La tortuga Dodi es especial, en muchos sentidos, de muchas maneras, todos los días.

Ya son bien conocidos sus episodios coléricos, como cuando el genio de la botella se rió de ella. No le gusta que la tomen por tonta. Ella va por la vida, pasito a pasito, con la nariz levantada, muy digna. Hay que tener cuidado al tratar con ella; no sabe que es un bomba a punto de estallar.

Por ejemplo, están los episodios con la lechuga. A Dodi le encanta la lechuga, y es prácticamente lo único que le gusta. Muchas veces, si le sirven croquetas, gambas a la plancha o cualquier otra cosa que lleve hojitas de lechuga en el plato de guarnición o de adorno, ella se come sólo la lechuga y tira el resto. Y pide más, sólo para volver a comerse la lechuga. Y le gusta mucho, pero como no le llena, tiene que comerla en abundancia. La mastica con los ojos en blanco, moviendo circularmente la boca, y hace un ruido, «Groanch, groanch, groanch»
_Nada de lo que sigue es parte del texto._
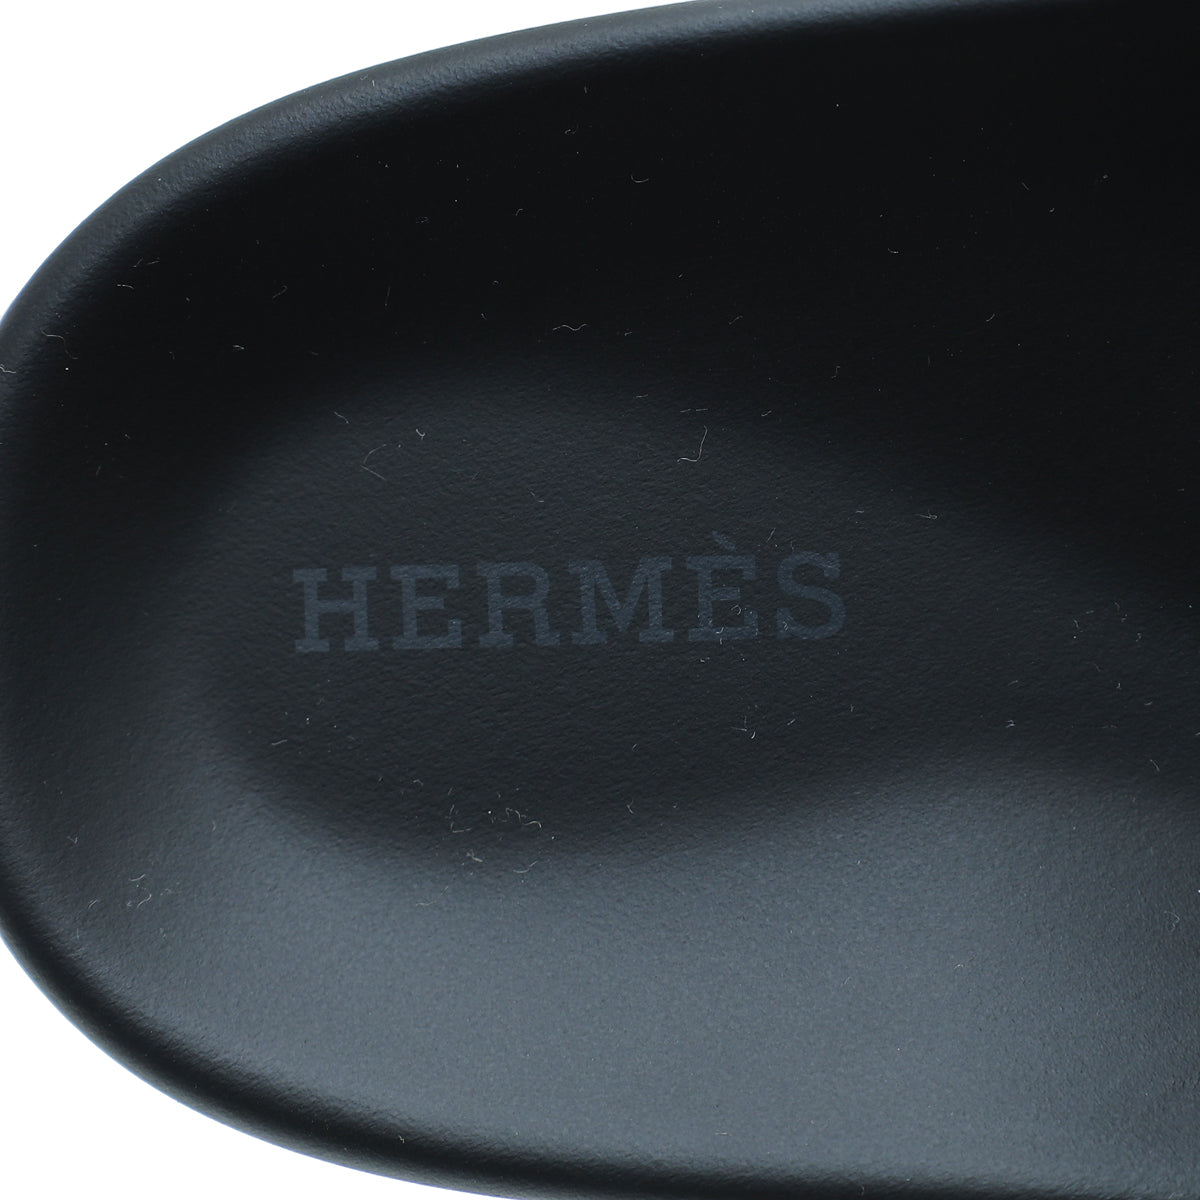 Hermes Vert Jade Chypre Sandal 39

Un día Dodi, en su camino a Londres, fue a parar a un buffet libre de ensaladas y se puso muy contenta. Movió sus patitas hacia el local y entró. Pagó 10 euros, se sentó en una mesa y pidió la ensalada especial del día. Tuvo que esperar un poco; empezó a relamerse.

Por fin le pusieron el plato delante, pero se dio cuenta de que algo no iba bien. Lo miró. Identificó varios ingredientes. Vio coles de bruselas. Vio espinacas y endibias. Vio canónigos y rúcula. Vio zanahorias y tomates, y maíz y espárragos. Vio incluso arroz, cus-cus, lentejas y garbanzos. Pero no había lechuga por ningún lado. Contrariada, levantó la vista hacia el camarero.
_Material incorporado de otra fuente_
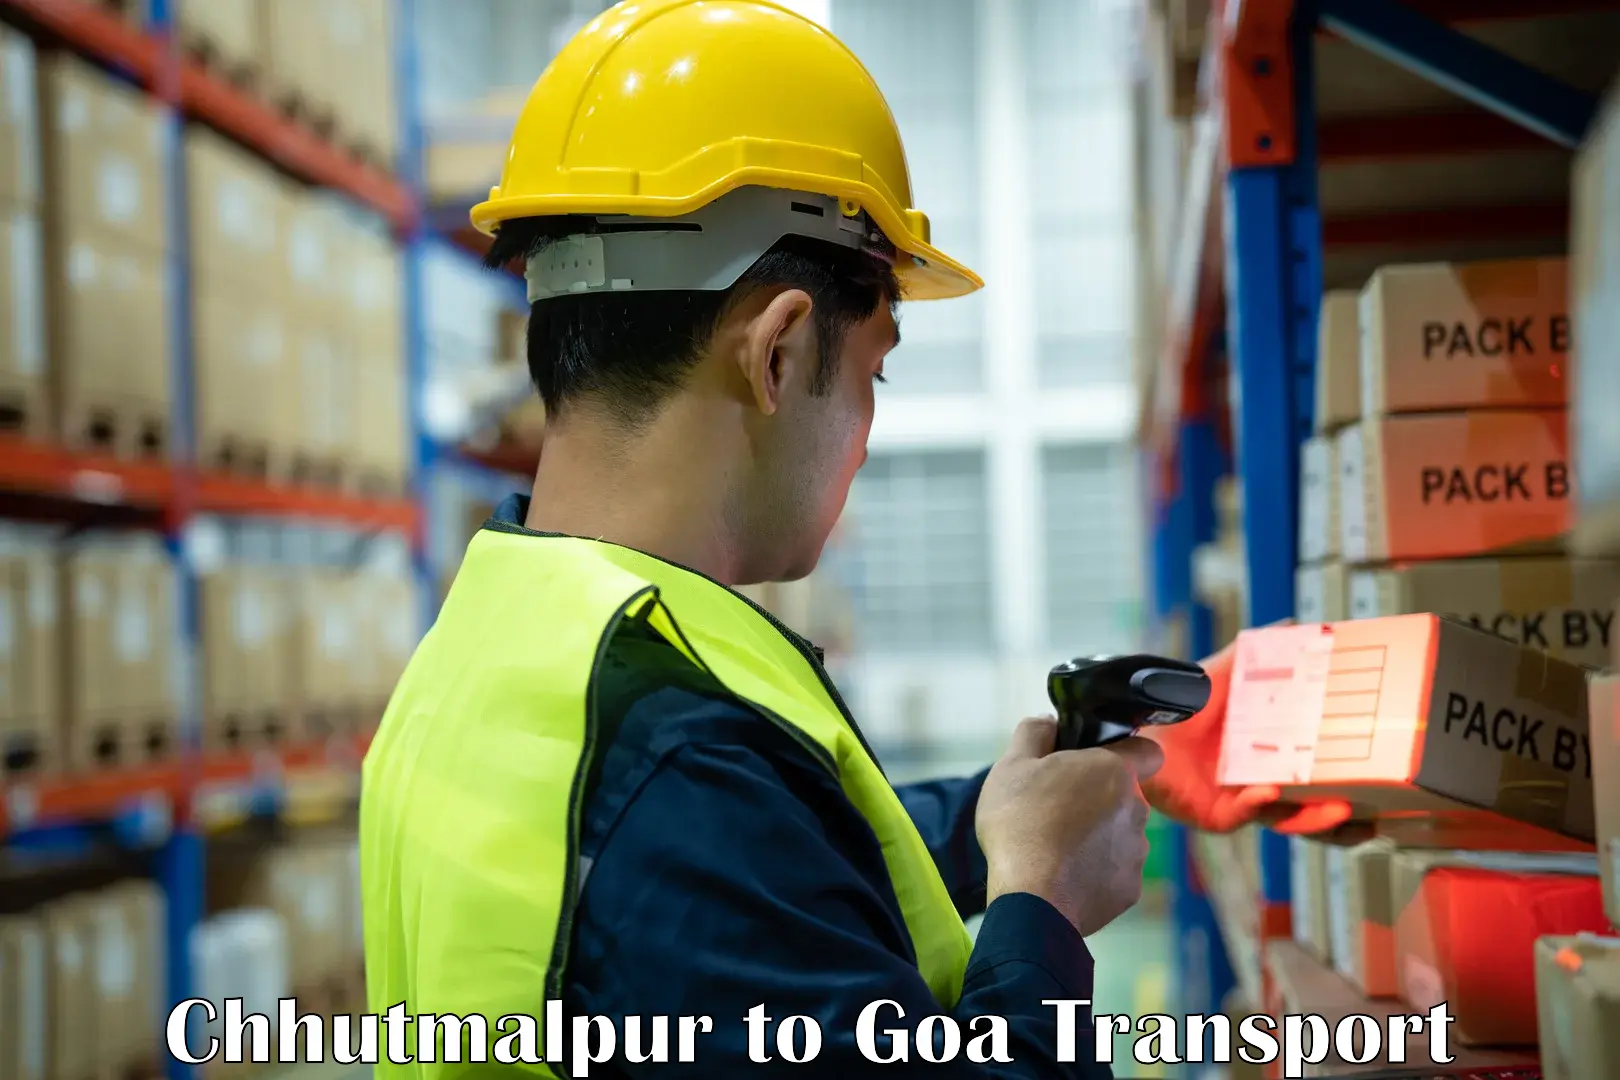 Bike shipping service Chhutmalpur to Goa

Pero… pero… ¿dónde está la lechuga? ¿No hay lechuga? ¡No hay lechuga! Es imposible. Sólo he venido por la lechuga.

Miraba alternativamente al plato y al camarero; éste se rascaba la cabeza.

¡No hay lechuga! ¿Dónde está la lechuga? ¡No hay lechuga! Esto es un timo

Lo siguiente que hizo fue, con la ayuda de sus abogados, cerrar el buffet libre.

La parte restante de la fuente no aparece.